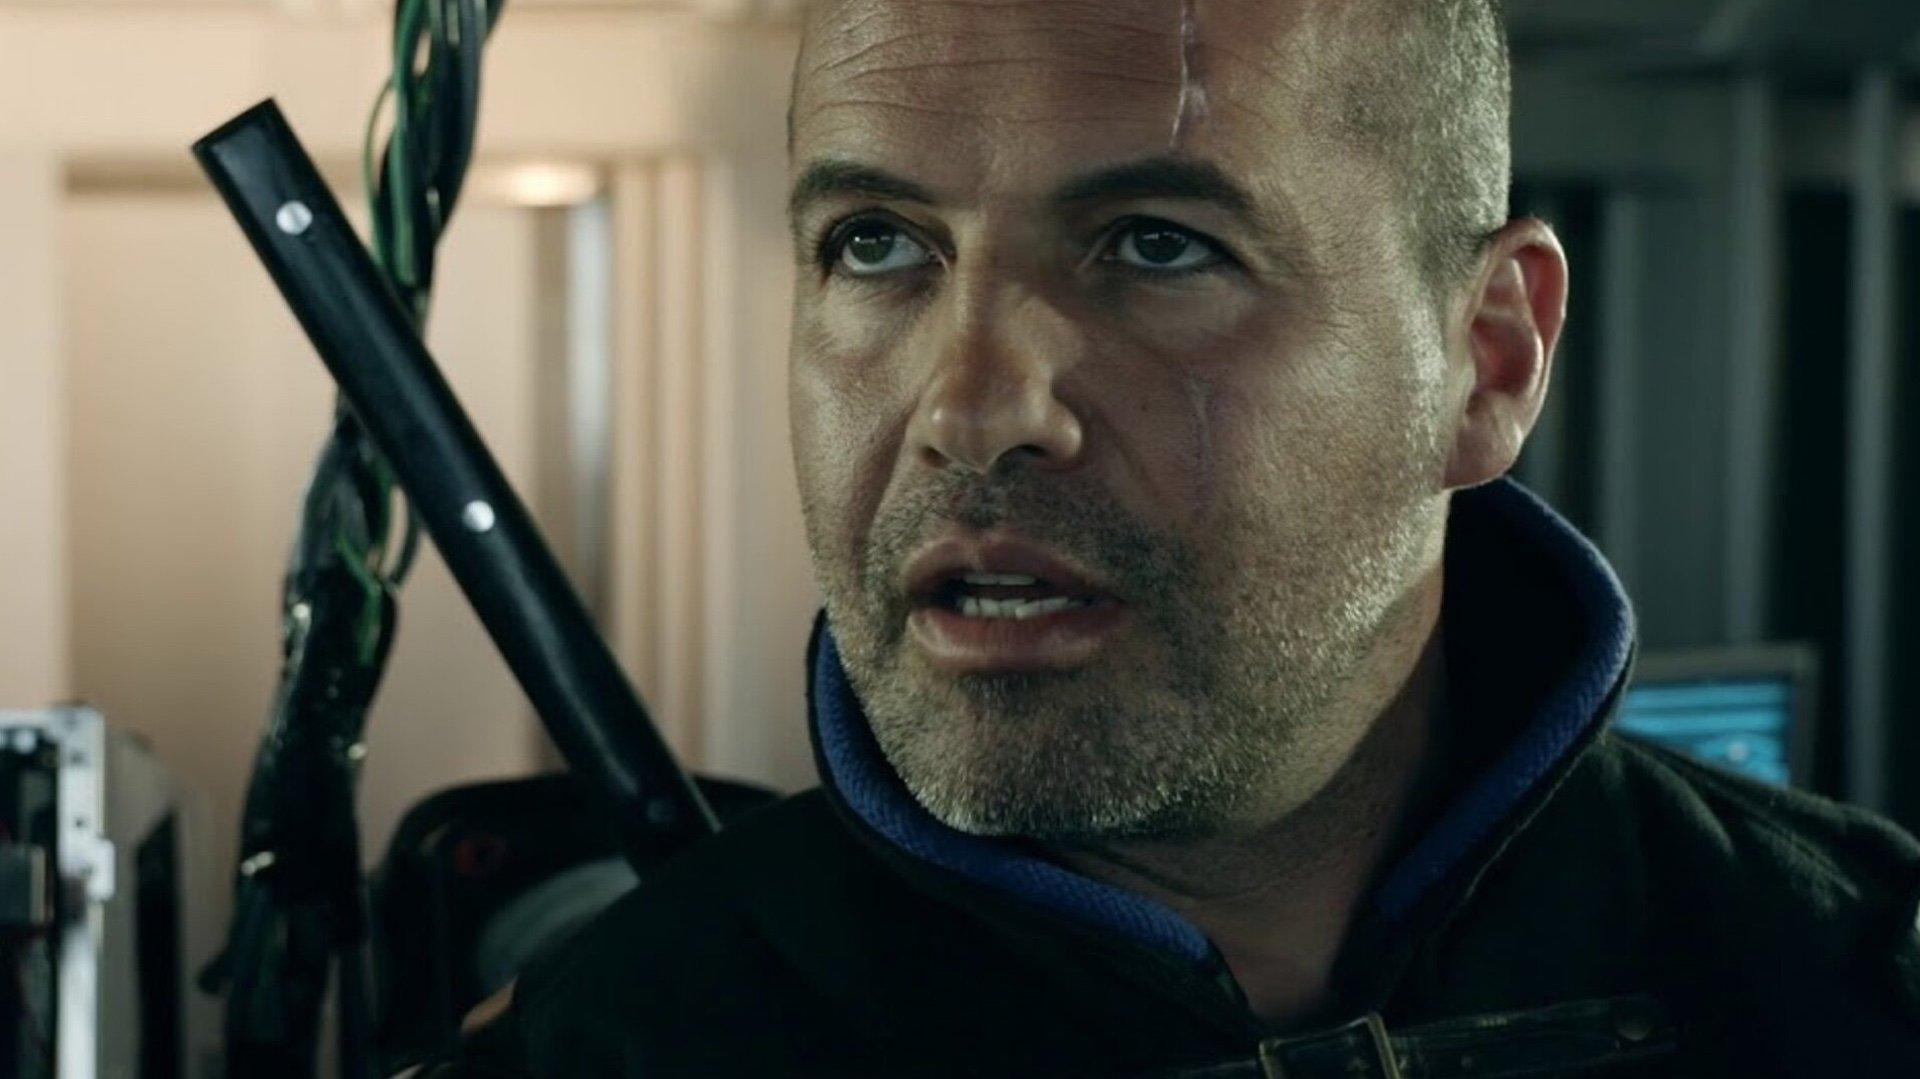 Billy Zane is Set To Star in a New Action Film TAKEOVER From The
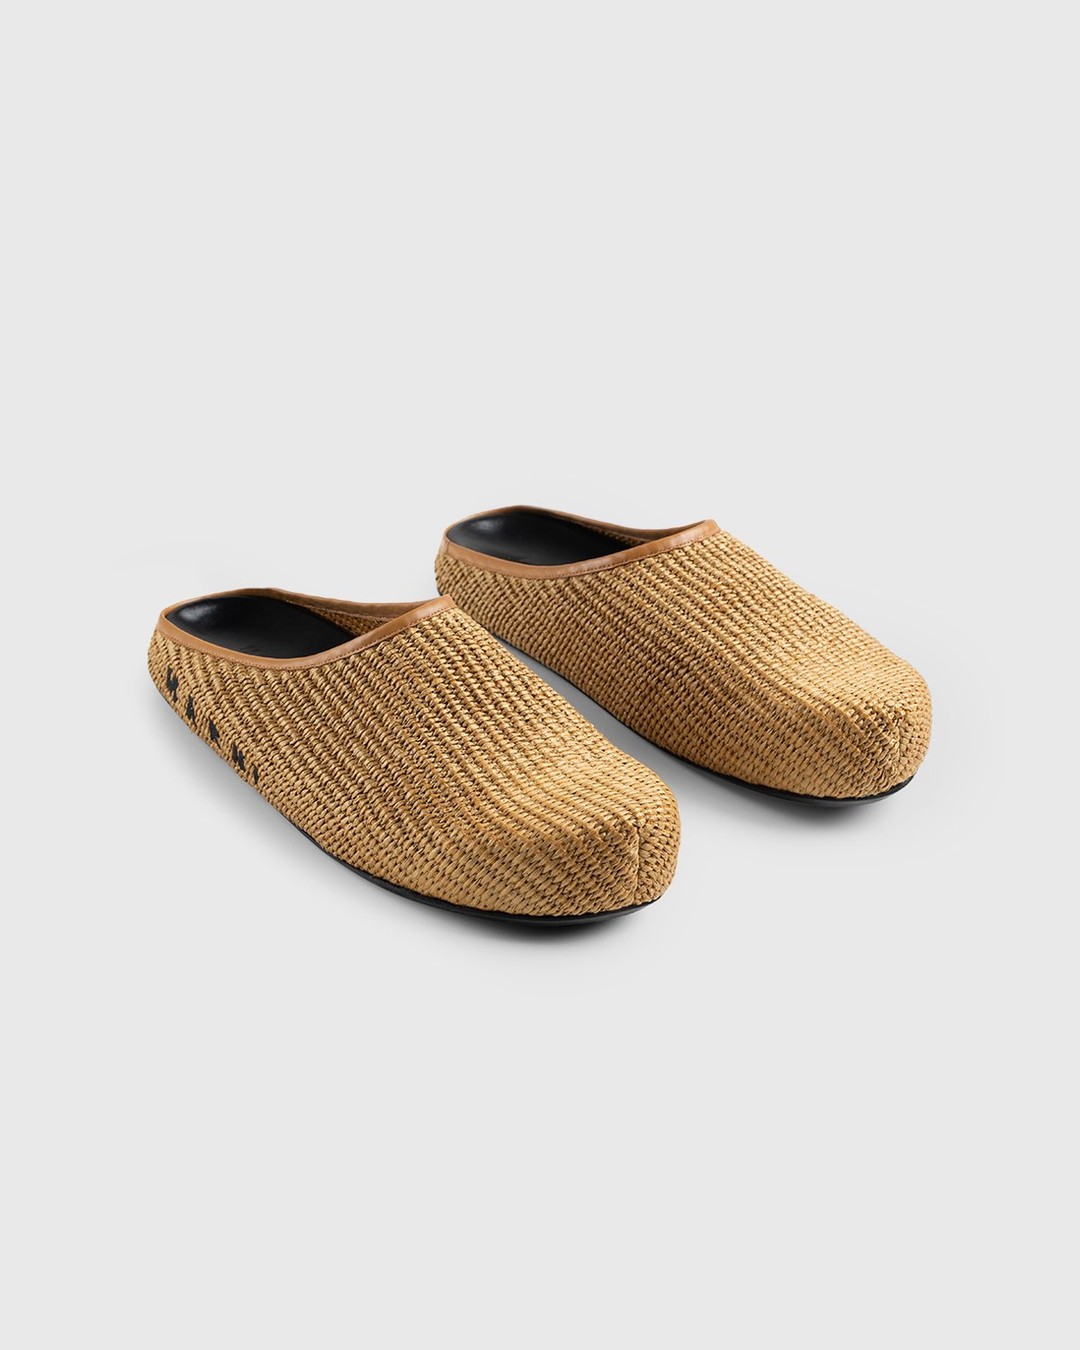 Marni – Woven Raffia and Leather Mules Brown/Black - Shoes - Brown - Image 3
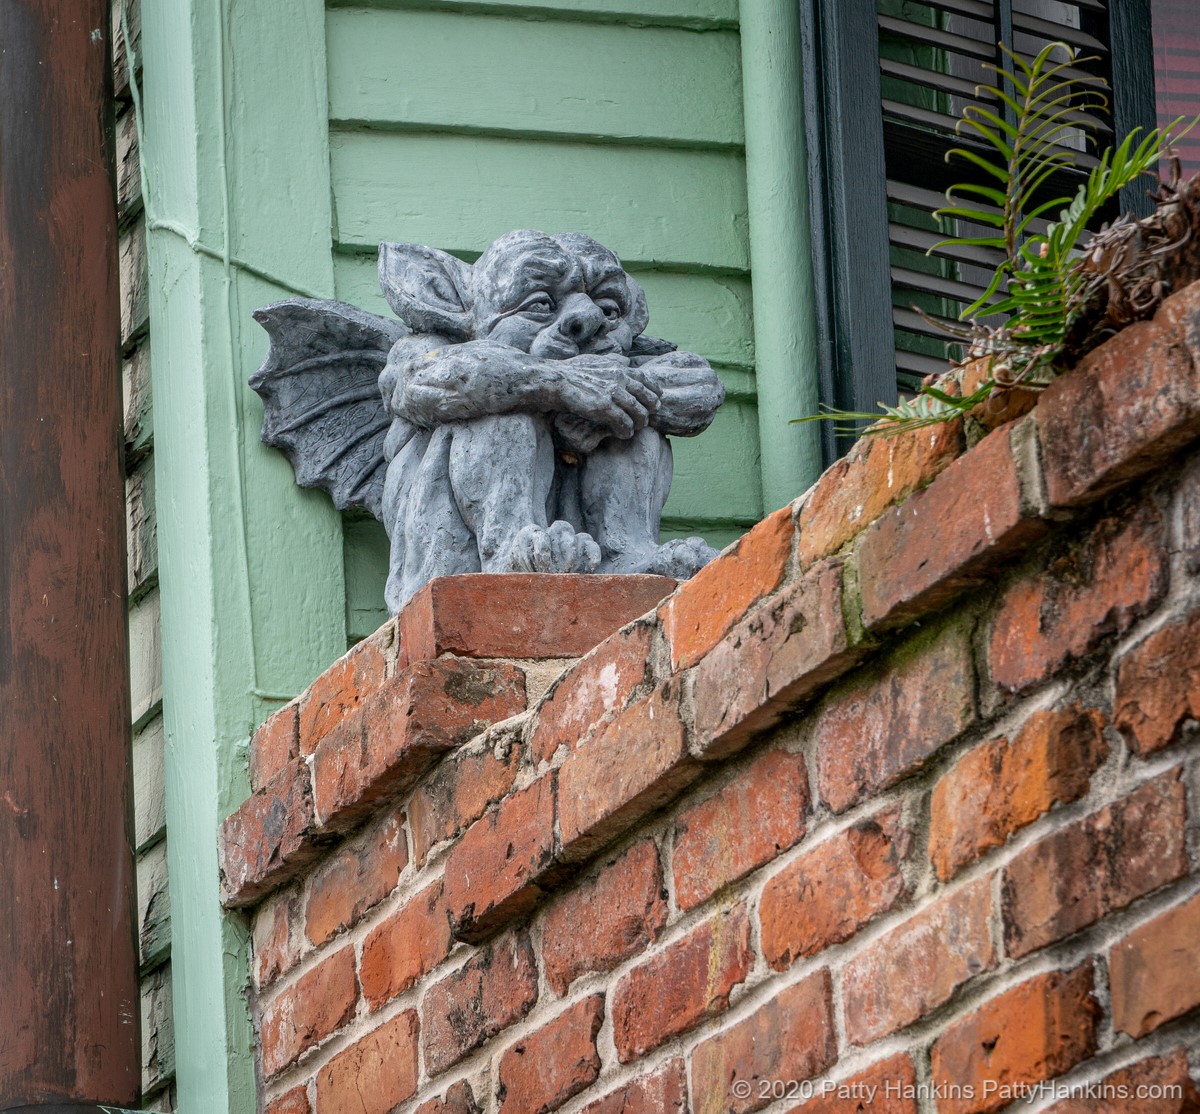 Details in the French Quarter of New Orleans

» What you need to do
Only the pictures are to be left out; restate everything else in the listing word for word.

» Expected output
 Billy Zane is Set To Star in a New Action Film TAKEOVER From The
 Marni – Woven Raffia and Leather Mules Brown/Black - Shoes - Brown - Image 3
 Details in the French Quarter of New Orleans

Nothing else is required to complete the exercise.